Now, for each of our scenarios we will solve the problem by fixing the initial decisions to be the one for the ‘average’ scenario and see in how many of them we cannot obtain a feasible second-stage decision, which we extract using the try-except mechanism of Python catching an error in case we are trying to call a solution that does not exist.

import logging

# don't log pyomo warning messages
logging.getLogger("pyomo.core").setLevel(logging.ERROR)

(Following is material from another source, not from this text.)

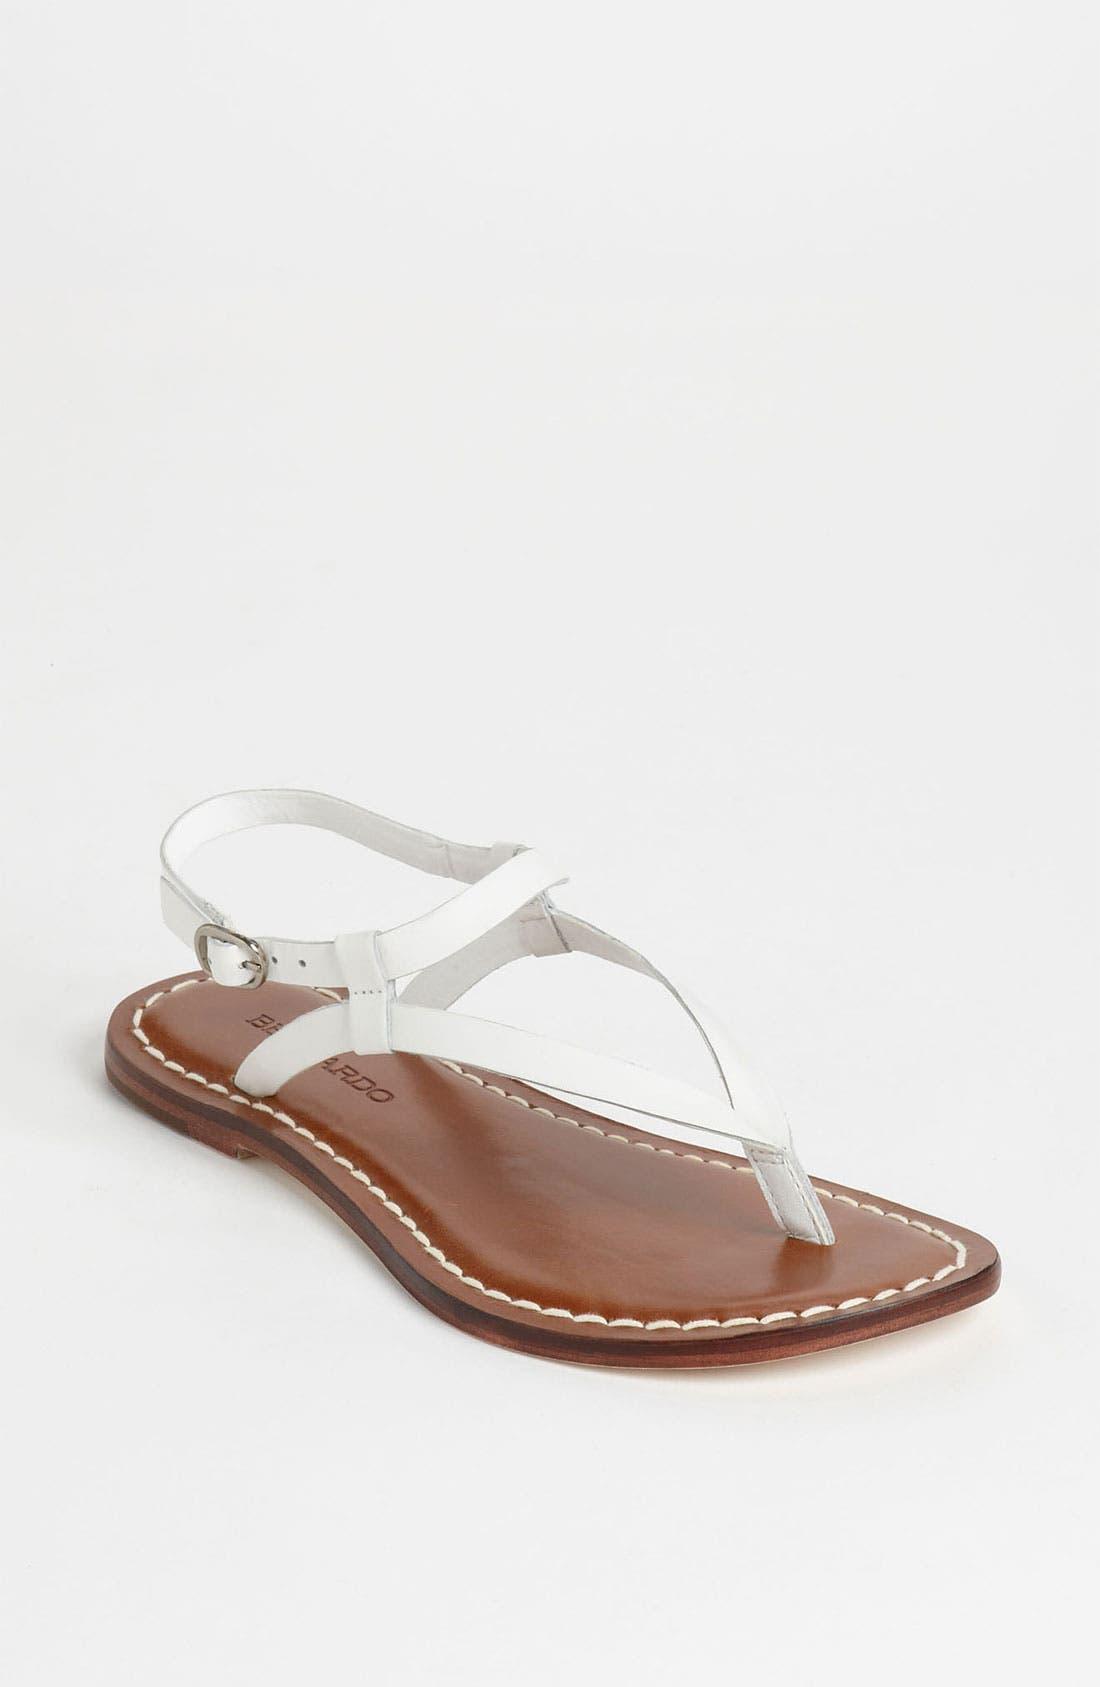 Alternate Image 1 Selected - Bernardo Footwear Merit Sandal

# Variable to count the number of infeasible second stage problems
n_infeasible = 0

for t in range(T):
    m_single = UC_windcurtailment_fixed_x(network, [samples[t]], fixed_x)
    results = SOLVER.solve(m_single)
    n_infeasible += 1 if results.solver.termination_condition == "infeasible" else 0

print(f"The second stage problem is infeasible in {n_infeasible} out of {T} instances")
The second stage problem is infeasible in 65 out of 100 instances

As it turns out, the ‘nominal’ commitment solution would lead to infeasibility, thus a blackout, in 65% of the cases. Since a blackout is the very last thing a network operator would like to happen, this clearly demonstrates the value of the stochastic solution. It is important to note that a very robust solution that avoids blackouts could be explained by simply assuming very poor performance of the wind turbines. Such a solution, however, could be unnecessarily conservative and expensive, and it is therefore better to prepare for a set of realistic scenarios.